Would you copy the listing below exactly, keeping the pictures out?

··· COLLECTED MATERIAL ···

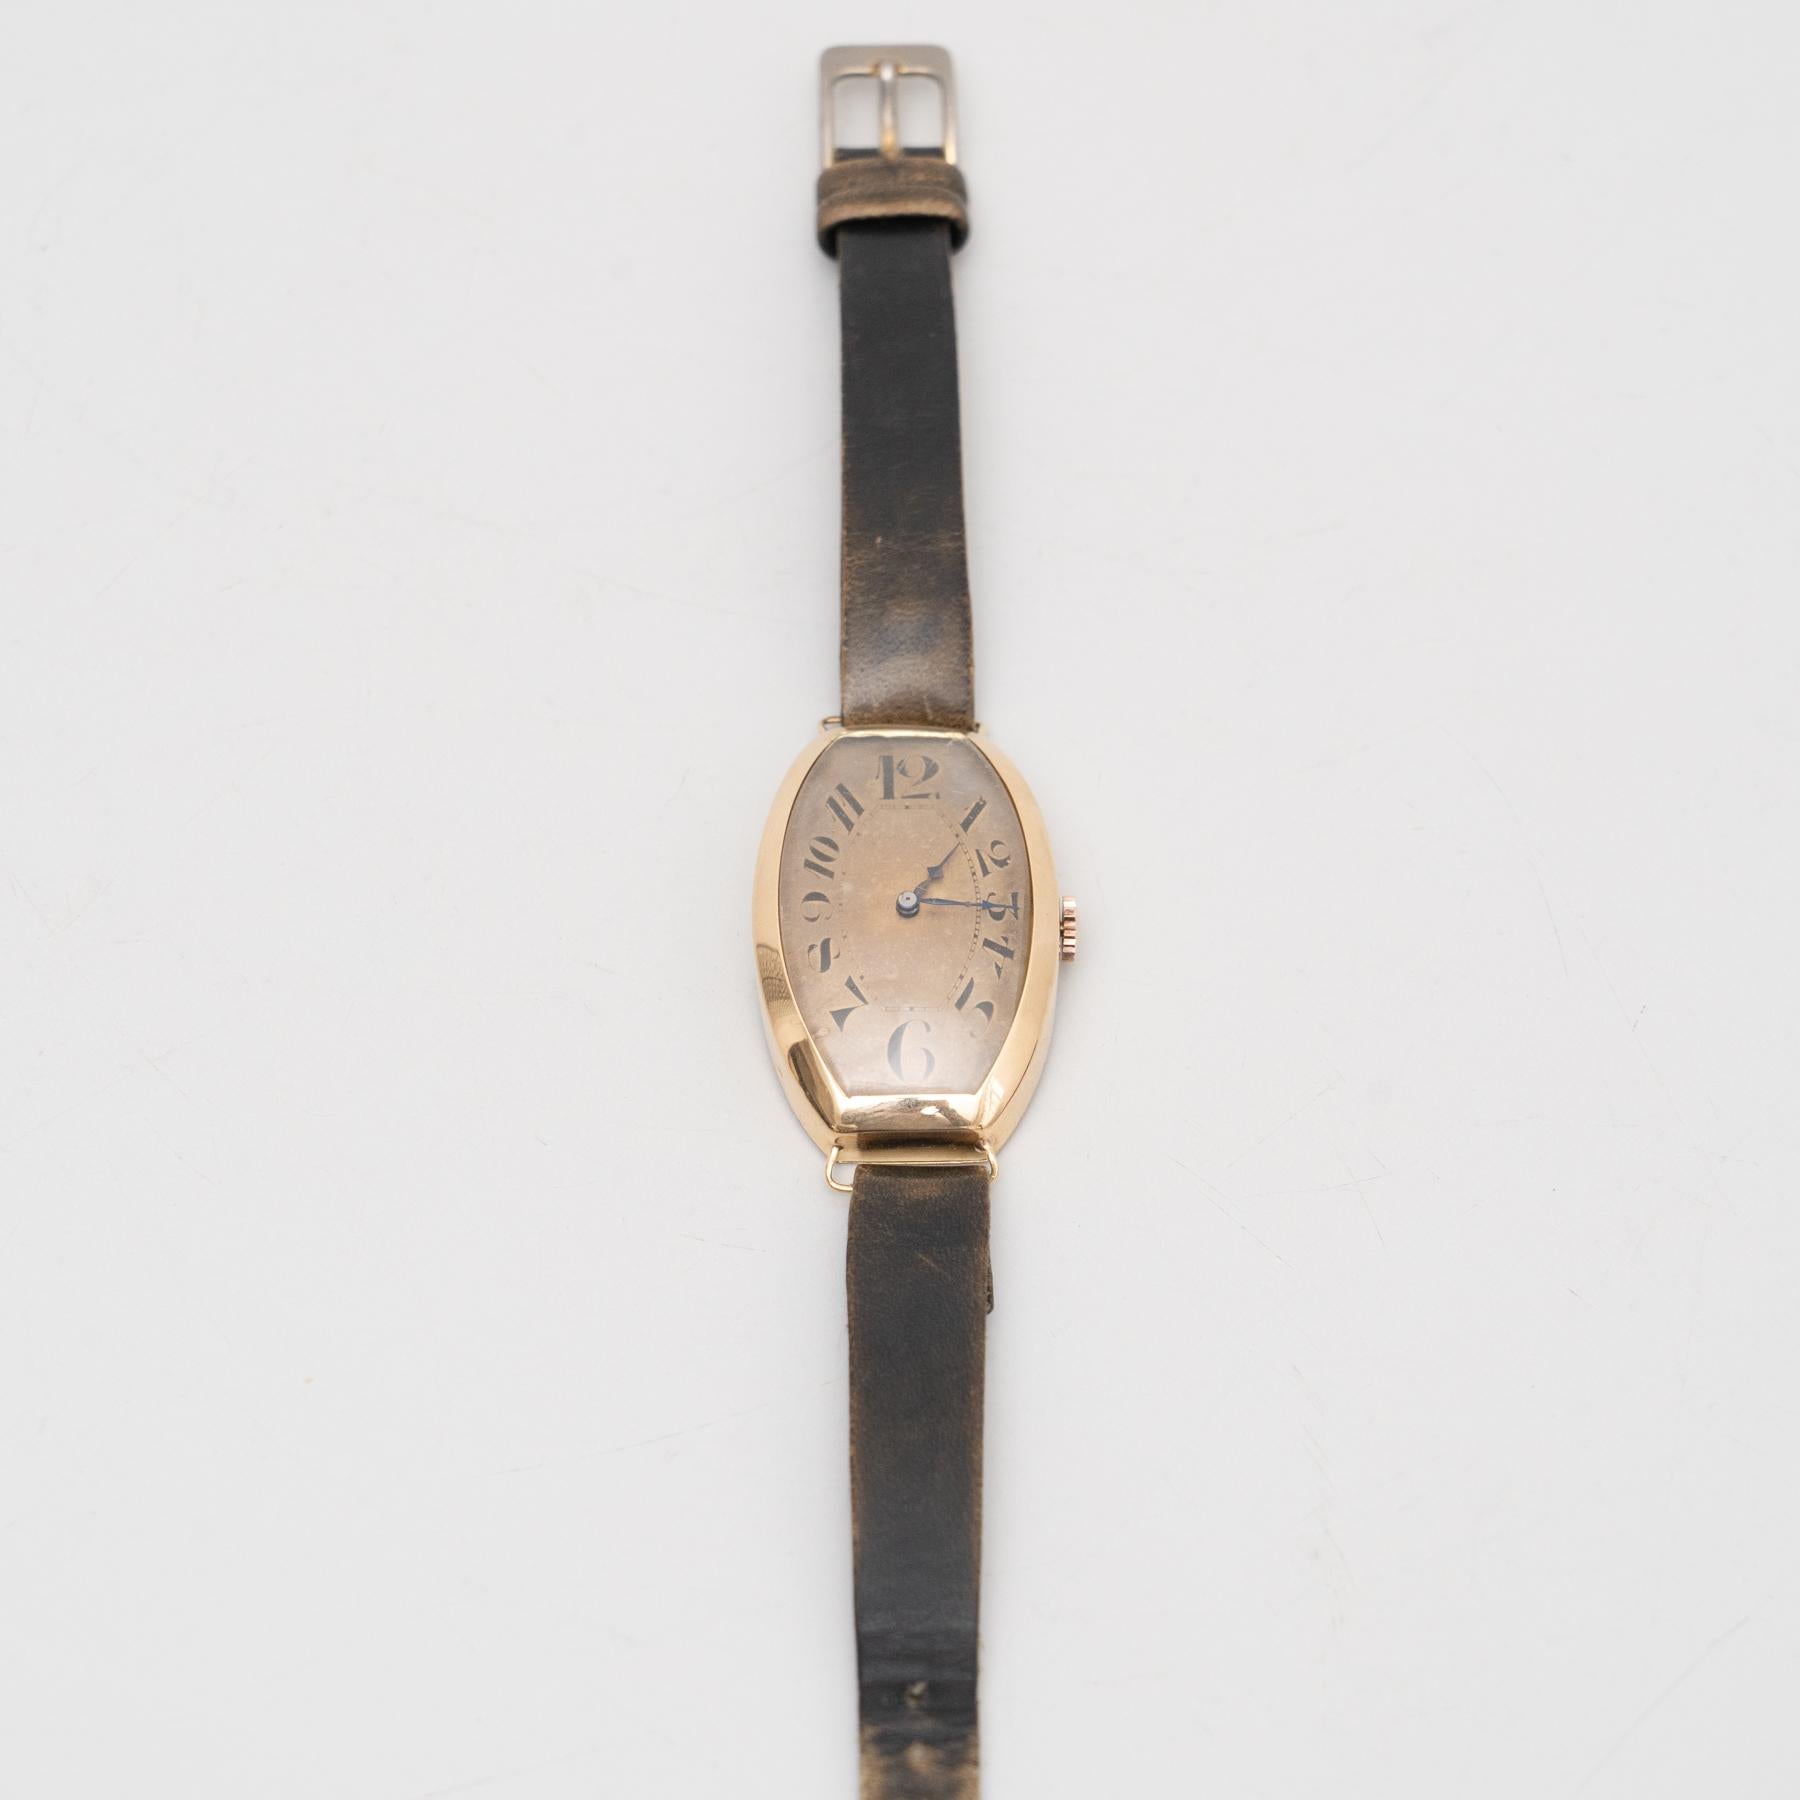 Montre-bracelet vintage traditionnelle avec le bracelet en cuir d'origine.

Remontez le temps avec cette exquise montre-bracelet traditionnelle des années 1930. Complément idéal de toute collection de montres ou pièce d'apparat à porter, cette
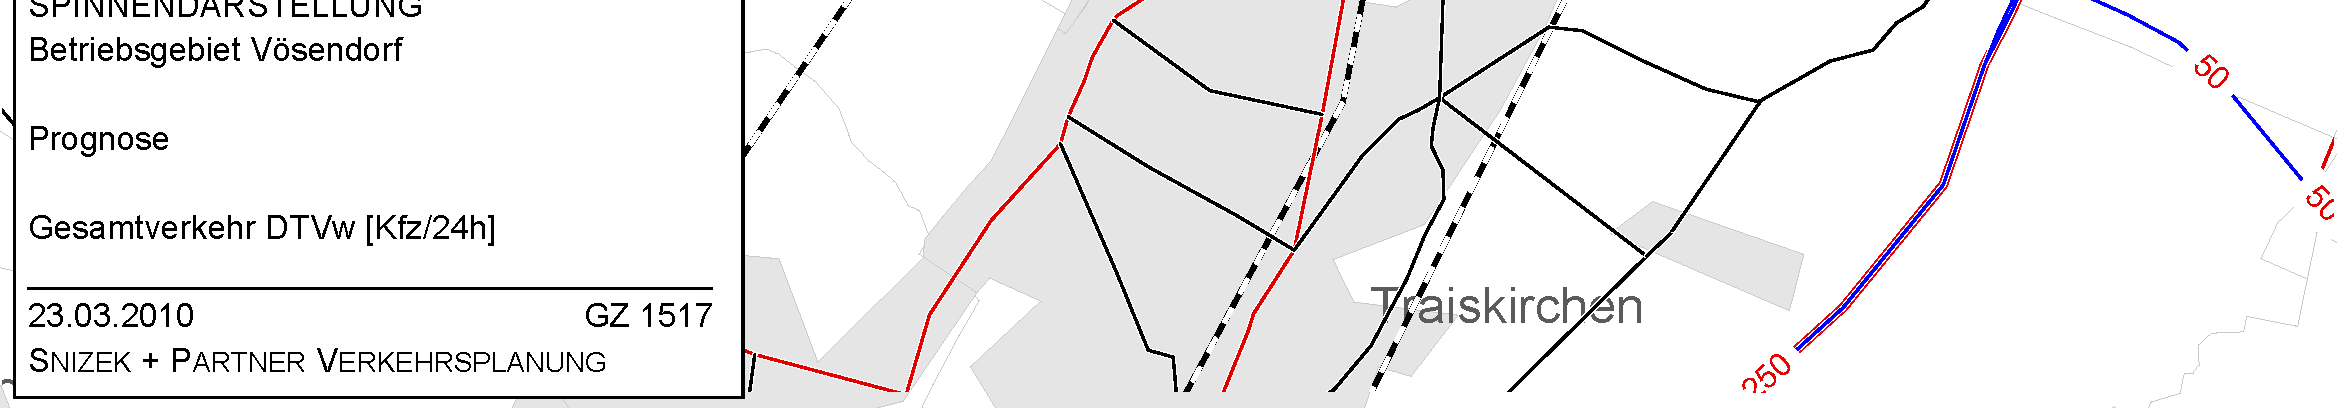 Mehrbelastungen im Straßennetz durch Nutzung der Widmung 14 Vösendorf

···

### EXPECTED ANSWER
 Montre-bracelet vintage traditionnelle avec le bracelet en cuir d'origine.

Remontez le temps avec cette exquise montre-bracelet traditionnelle des années 1930. Complément idéal de toute collection de montres ou pièce d'apparat à porter, cette
 Mehrbelastungen im Straßennetz durch Nutzung der Widmung 14 Vösendorf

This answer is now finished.